The company entered into forbearance agreements with each of the lenders in March, under which the lenders agreed to forbear from exercising their rights until April 30.

The company said the forbearances have not been extended.

Kinergy amends credit facility

Pacific Ethanol also said Monday that its wholly owned subsidiary, Kinergy Marketing, has renegotiated and amended its credit facility with Wachovia Capital Finance Corp. Wachovia has agreed to continue providing up to $10 million for Kinergy's working capital needs.

The term of the credit facility was reduced to a term expiring Oct. 31, 2010 from the previous three years, according to an 8-K filed with the Securities and Exchange Commission.

Under the amendment, Kinergy's monthly unused line fee payable to Wachovia increased to 0.500% from 0.375% of the amount by which the maximum credit under the facility exceeds the average daily principal balance.

The amendment also imposes a new $5,000 monthly servicing fee.

In addition, the amendment limits most payments that may be made by Kinergy to Pacific Ethanol as reimbursement for management and other services provided by Pacific Ethanol to $600,000 in any three-month period and $2.4 million in any 12-month period.

The amendment also revised Kinergy's EBITDA covenants.

The amendment also amended the definition of material adverse effect to exclude the company's subsidiaries' bankruptcy filings from the definition of material adverse effect.
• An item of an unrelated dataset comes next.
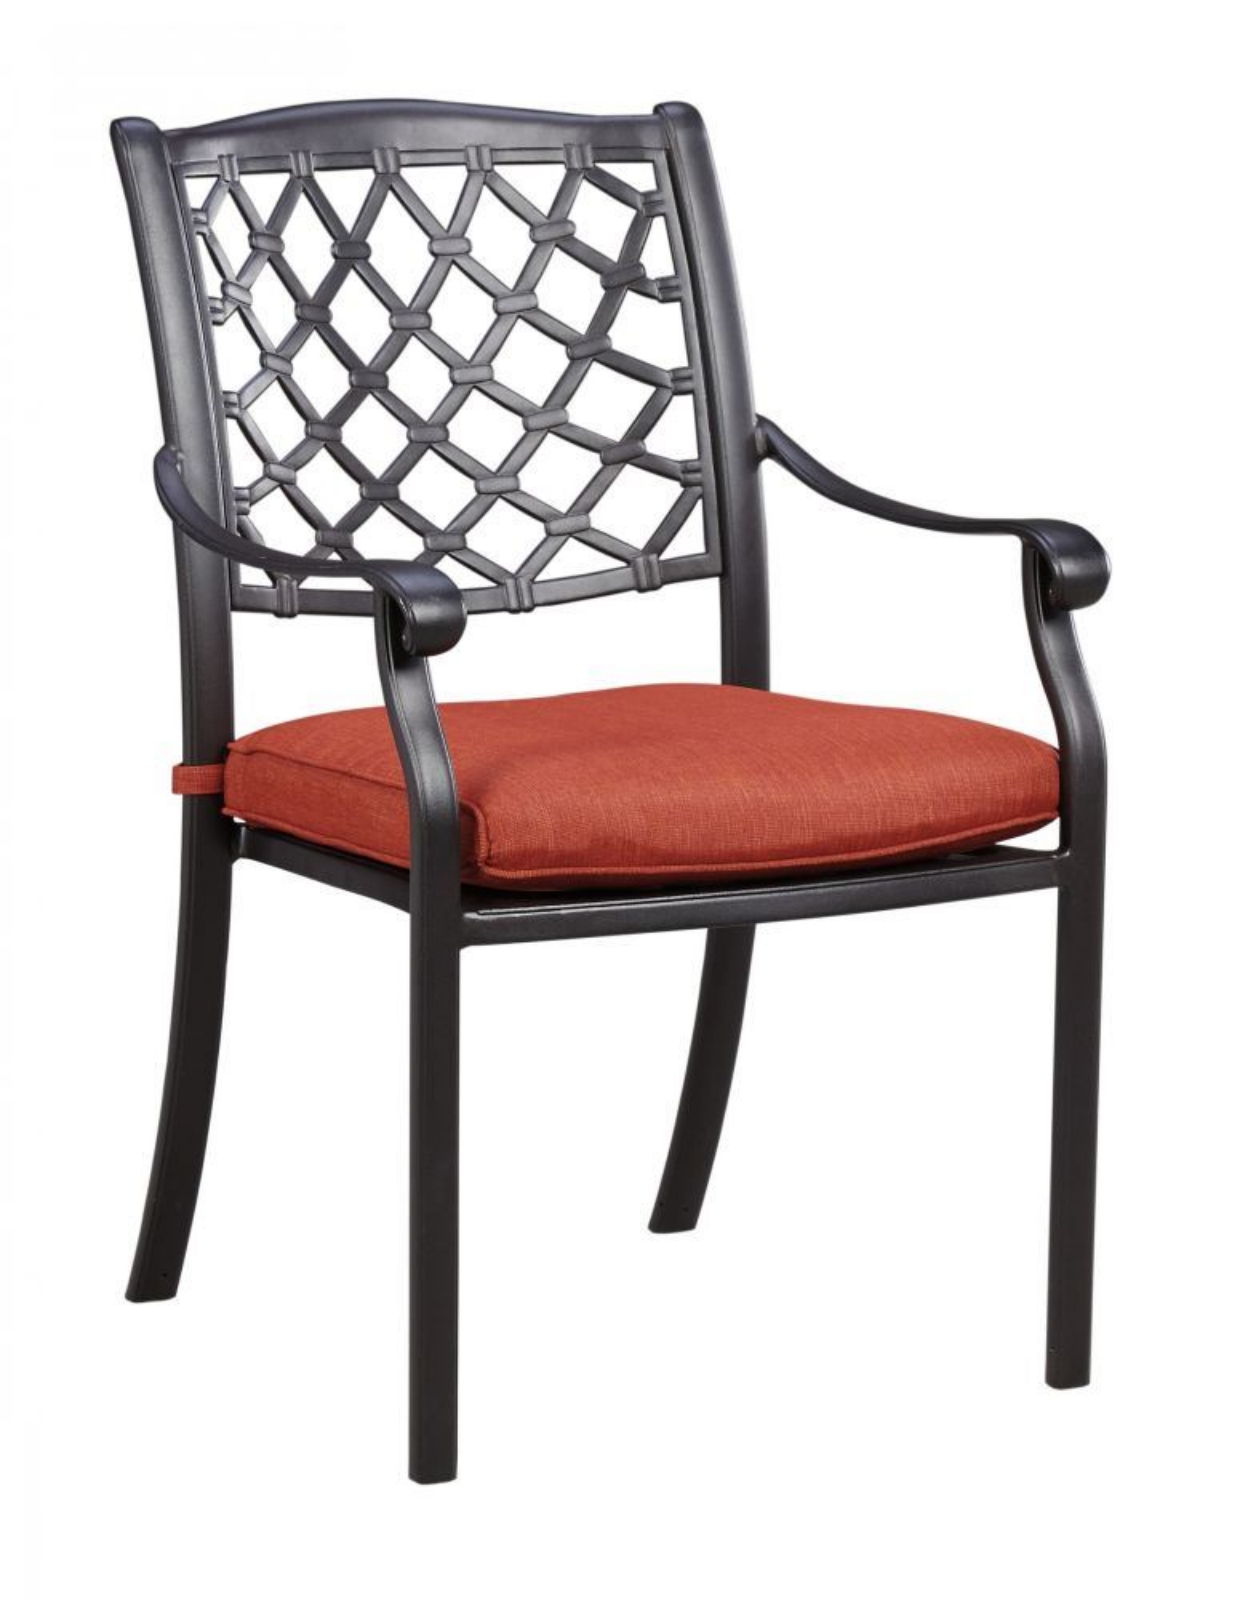 Picture of Tanglevale Patio Chairs (Set of 4 Chairs)

However, it further made many events of default that were previously applicable only to Kinergy now applicable to the Pacific Ethanol and its subsidiaries.

It also prohibits Kinergy from incurring additional debt or making any capital expenditures in excess of $100,000 absent the lenders' consent.

Under the amendment, the lender also waived all existing defaults under the line of credit.

The amendment requires that on or before May 31, the lender must receive copies of financing agreements between the company and its subsidiaries and Lyles United, LLC providing for a credit facility of up to $2.5 million over a term of 18 months, the granting by the company to Lyles of a security interest in substantially all of its assets and the use by the company of borrowings thereunder for general corporate and other purposes.

Debt details

According to court documents, Pacific Ethanol estimated its bankrupt plant subsidiaries had assets of between $50 million to $100 million and debt of $100 million to $500 million at the time of the bankruptcy filing.

The largest unsecured creditors include:

• Delta-T Corp., based in Williamsburg, Va., with a $2 million trade debt claim;

• Madera County Tax Collector, based in Madera, Calif., with a $382,146 tax claim;

• Iberdrola Renewables, Inc., located in Portland, Ore., with a $256,840 trade debt claim;

• Novozymes North America, Inc., based in Philadelphia, with a $172,699 trade debt claim; and

• Simplex Grinnell with a $152,237 trade debt claim.

Pacific Ethanol is a Sacramento, Calif., marketer and producer of ethanol. Its Chapter 11 case number is 09-11713.